Identification and partial characterization of factor Va heavy chain kinase from human platelets.

Factor Va, the essential cofactor for prothrombinase, is phosphorylated on the acidic COOH terminus of the heavy chain of the cofactor, at Ser692, by a platelet membrane-associated casein kinase II (CKII). Consistent with this observation, phosphorylation of the factor Va heavy chain by the platelet kinase was inhibited by heparin. The membrane-associated platelet CKII kinase was partially purified using heparin-agarose, phosphocellulose, and ion exchange chromatography. CKII antigen was monitored using a polyclonal antibody to the alpha-subunit, and kinase activity in the various fractions was confirmed using human factor Va as a substrate. Immunoblotting experiments using polyclonal antibodies raised against synthetic peptides mimicking a portion of the deduced amino acid sequence of the alpha-, alpha'-, and beta-subunits of human CKII demonstrated the coexistence of both alpha- and alpha'-subunits in platelets and suggested that the platelet CKII kinase may exist in part as an alpha alpha'beta2 complex.
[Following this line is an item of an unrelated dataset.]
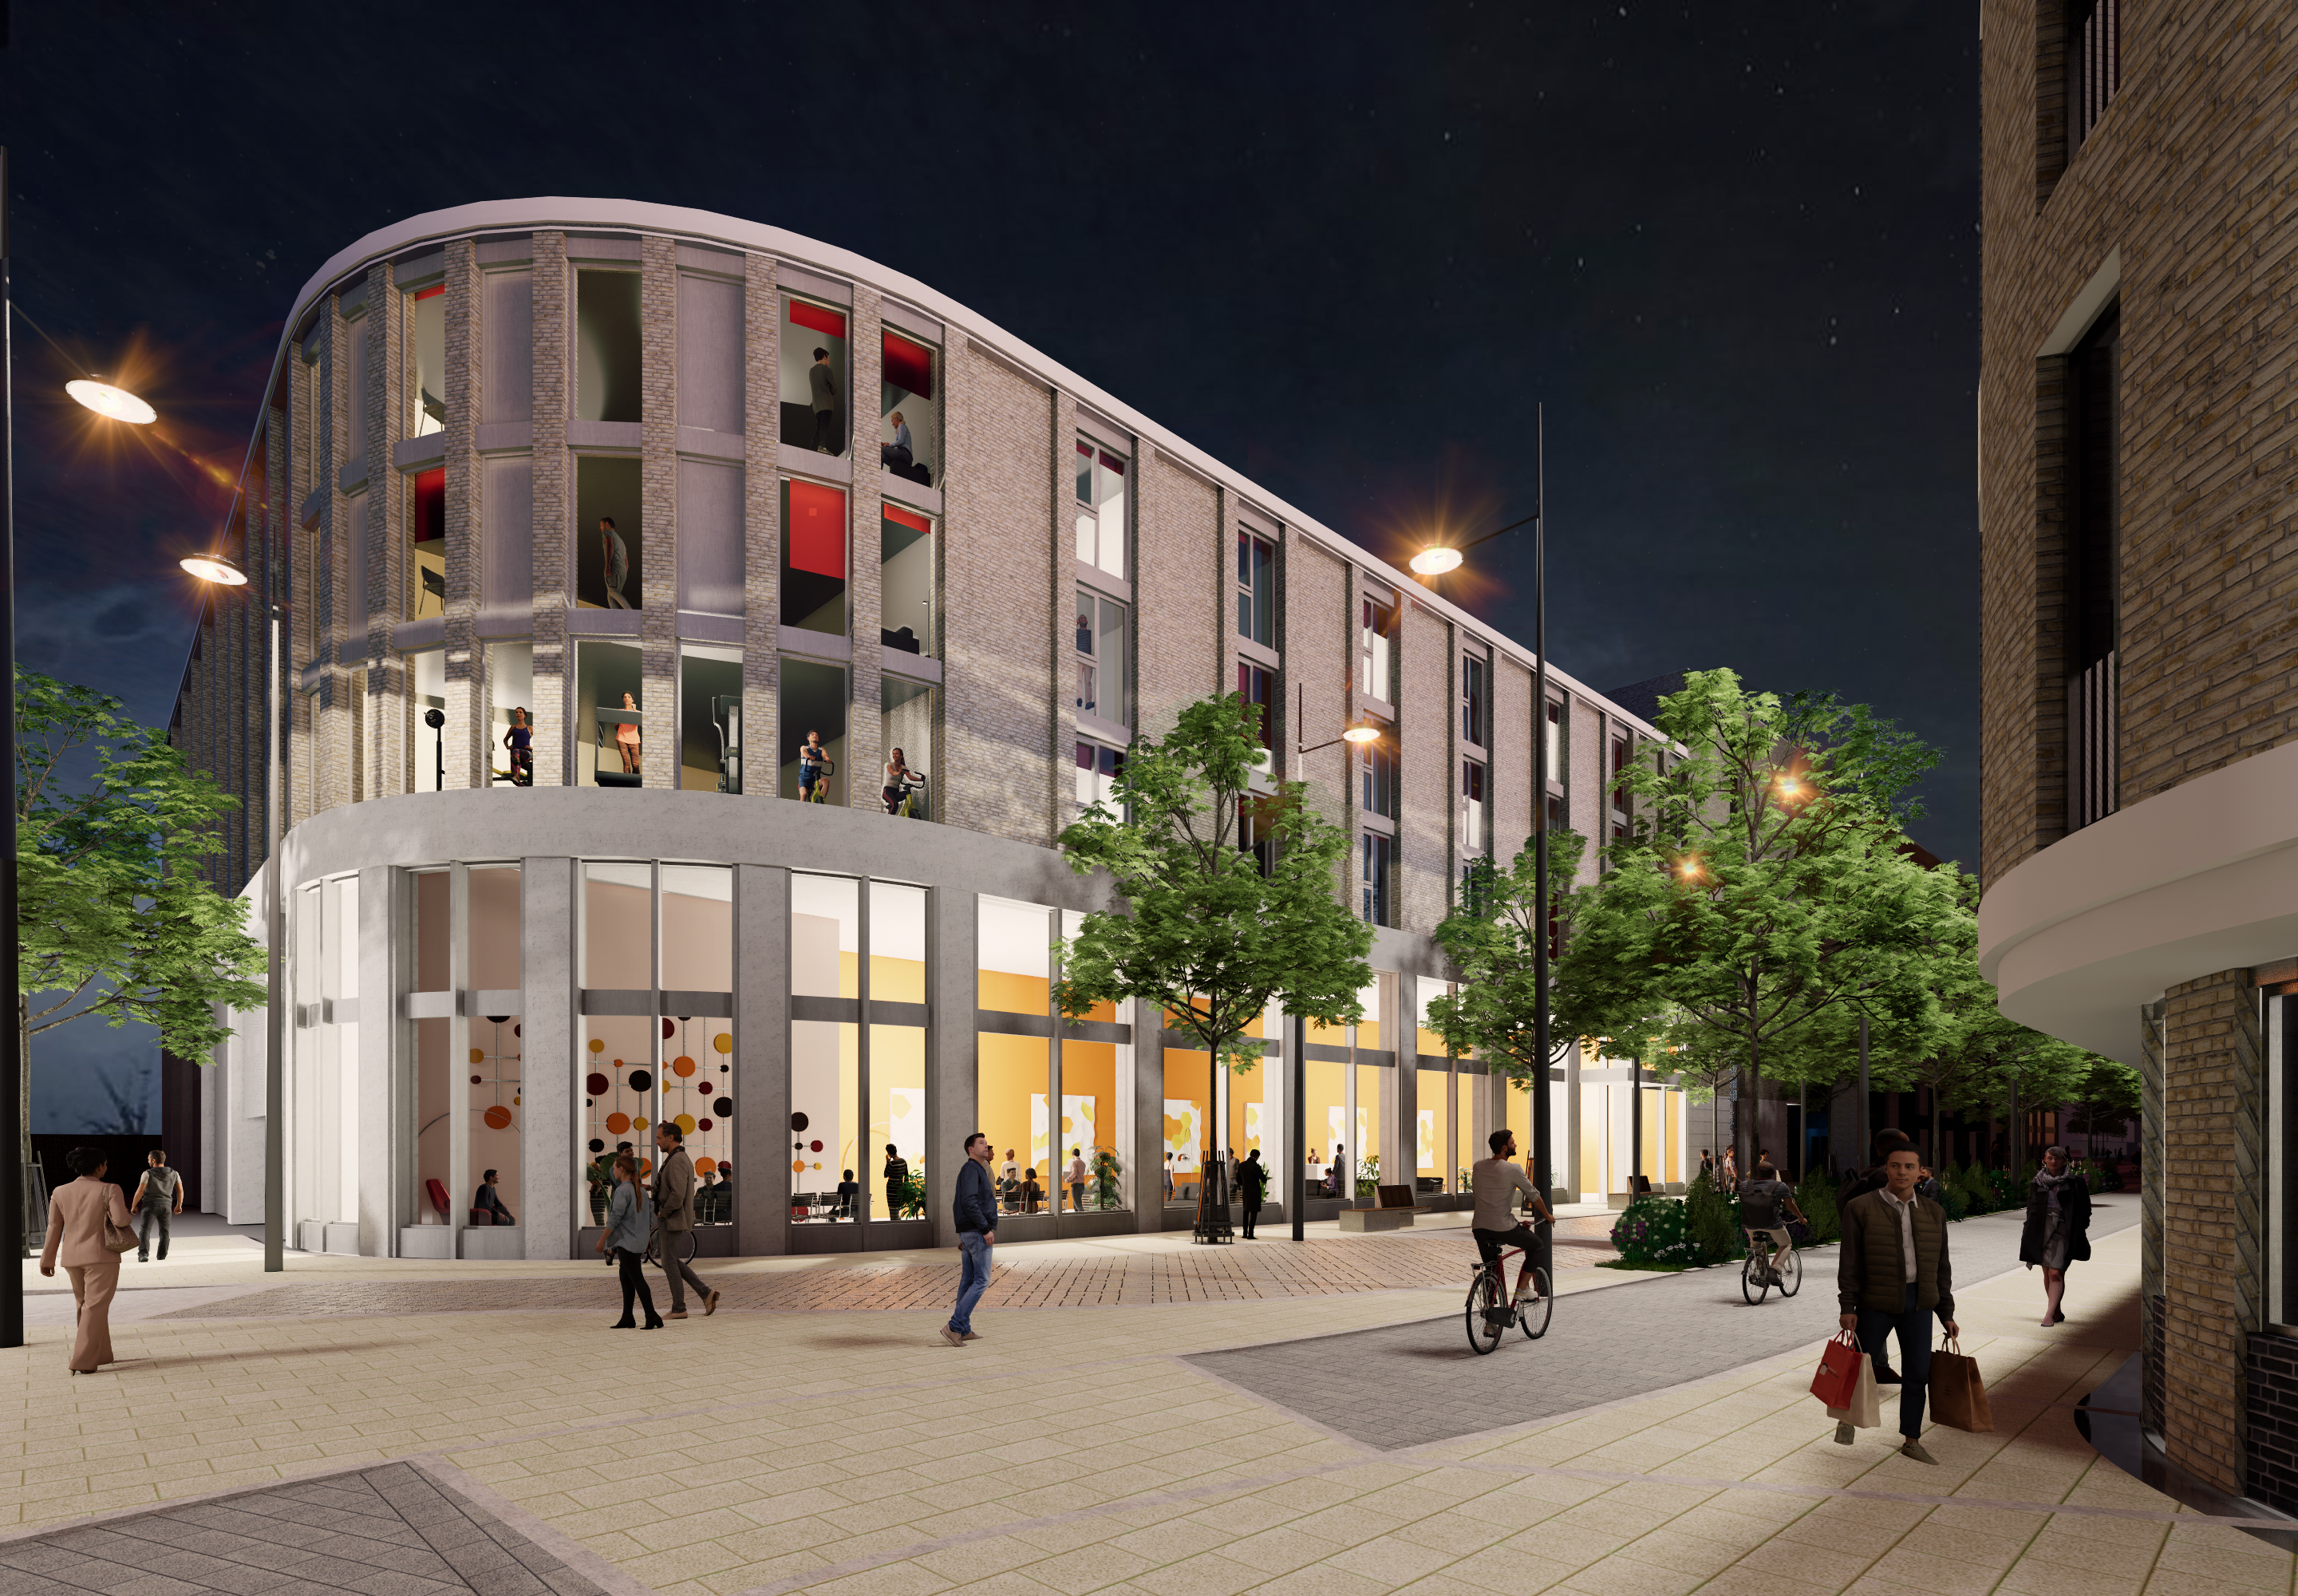 Final piece of Brookgate’s CB1 masterplan secures planning consent

It is also possible that there are two distinct populations of CKII in platelets, one that is alphaalpha/betabeta and one that is alpha'alpha'/betabeta. In the presence of the purified platelet-derived CKII, human factor Va incorporates between 0.8 and 1.3 mol of phosphate/ mol of factor Va depending on the concentration of the beta-subunit in the kinase preparation. A peptide mimicking the sequence 687-705 of the human factor V molecule incorporates radioactivity in the presence of purified CKII and inhibits factor Va heavy chain phosphorylation by the platelet CKII. In contrast, a peptide with an alanine instead of a serine at position 692 neither incorporates phosphate nor inhibits factor Va phosphorylation by the platelet CKII. Human factor Va is inactivated by activated protein C following three cleavages of the heavy chain at Arg506, Arg306, and Arg679. Cleavage at Arg506 is necessary for efficient exposure of the inactivating cleavage site at Arg306. The phosphorylated cofactor has increased susceptibility to inactivation by activated protein C, since phosphorylated factor Va was found to be inactivated approximately 3-fold faster than its native counterpart. Acceleration of the inactivation process of the phosphorylated cofactor occurs because of acceleration of the rate of cleavage at Arg506. These data suggest a critical role for factor Va phosphorylation on the surface of platelets in regulating cofactor activity.[1]